The sports betting landscape in New Jersey and the whole Northeast Corridor is ripe for a resurgence of line shading as well as line shopping, as the various entities open up for sports betting. The lines for the New York teams will most certainly be shaded to take advantage of local fans that want to bet the local teams. However, in Atlantic City, much closer to Philadelphia, the teams from The City of Brotherly Love will have the betting lines shaded to take advantage of those fans.
Philadelphia Eagles fans may be better off betting their Super Bowl futures and win totals at the Meadowlands, near New York City, when it opens Saturday, rather than in Atlantic City. Likewise, Giants and Jets fans may get better numbers on the Boardwalk. And bettors who like the opponents of the New York Giants, New York Jets or Eagles? Go look for the lines in the hearts of those fan bases.
legal nfl betting in new jersey could make bookmaking interesting for bettors and oddsmakers
When phone and online betting opens soon in New Jersey and if you can, as expected, sign-up and fund mobile accounts without an in-person visit, serious bettors and, perhaps, the less serious, will likely open mobile accounts at every book possible and shop the lines to get the best number. Such shopping will be an important element and will make sports betting even more exciting that ever. After all, everyone loves a bargain, real or imagined.

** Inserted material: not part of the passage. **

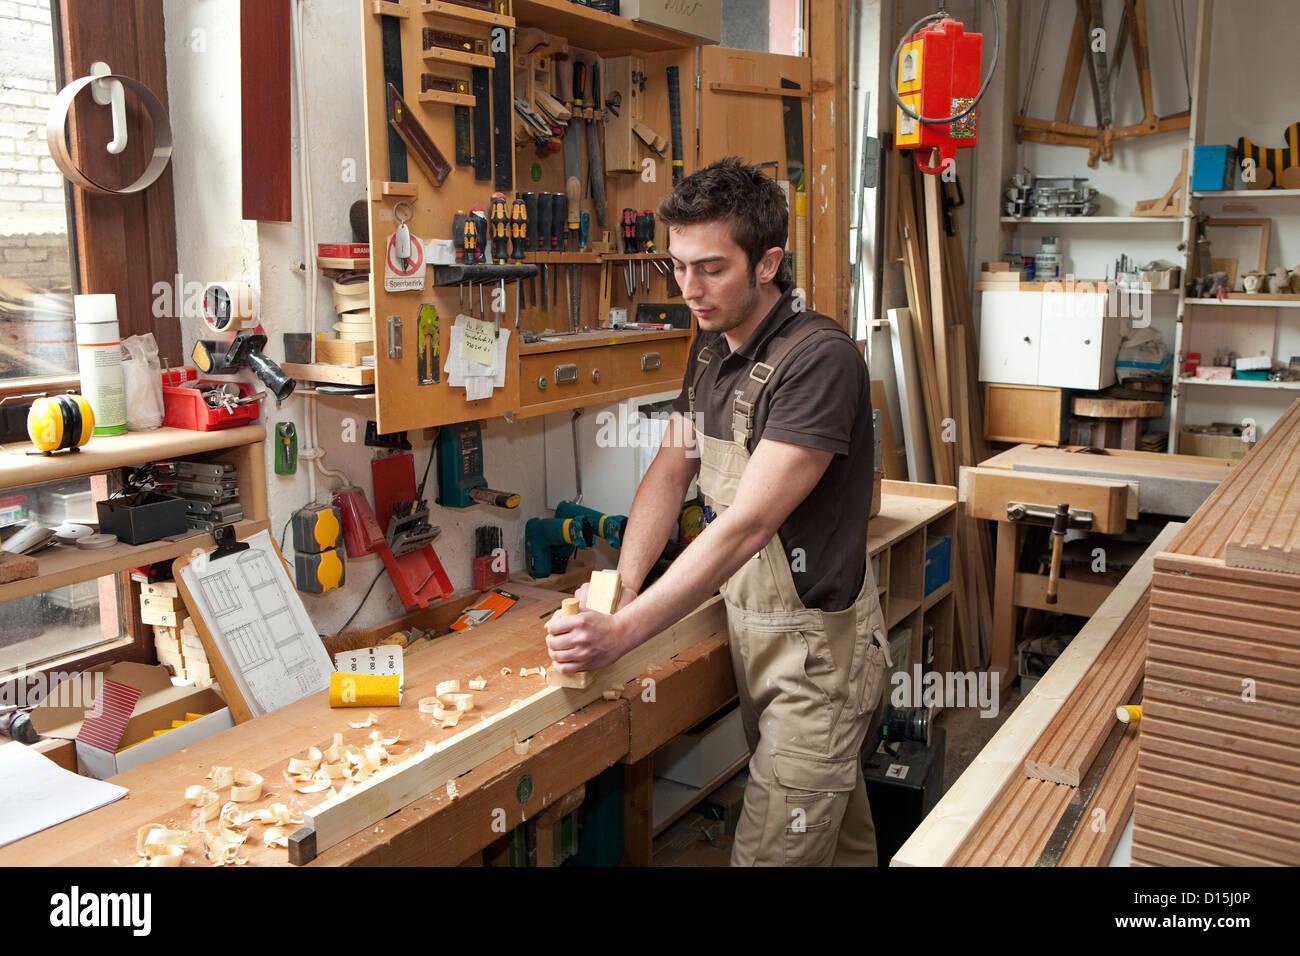 Tischlerei Düsseldorf düsseldorf lehrling tischler in einer tischlerei stockfoto bild

Pennsylvania and New York will both (likely) enter the sports betting fray in the next 12 months. Serious players who live near the border of both states and near New Jersey are likely to have accounts in all three jurisdictions, so if the opportunity presents, they can make a short drive to access, via their mobile device, the number they like.
Whether they know it now or learn it later, bettors will soon realize how crucial getting the best number can be when it comes to fattening the wallet. Right now, with legal sports betting regimes still some time away in New York and Pennsylvania, residents will flood across the border to New Jersey to open accounts. You don’t have to be a state resident to bet in New Jersey, only physically located there to get down.
I can see cellular phone lots being built on the New Jersey side of the George Washington Bridge (GWB) or at the Garden State entrance to the Lincoln Tunnel so players can park, bet and go home. Along the New Jersey border, savvy tavern and restaurant owners will cater to these players, too. The promotion-minded Meadowlands, when it opens, may even offer to reimburse bettors for the GWB toll, now $15.00, or Lincoln Tunnel toll, now $10.50 on weekends.
Look for the smarter players to shop their number and the less experienced ones to learn quickly. As always, learning what to do and what not to do will cost money.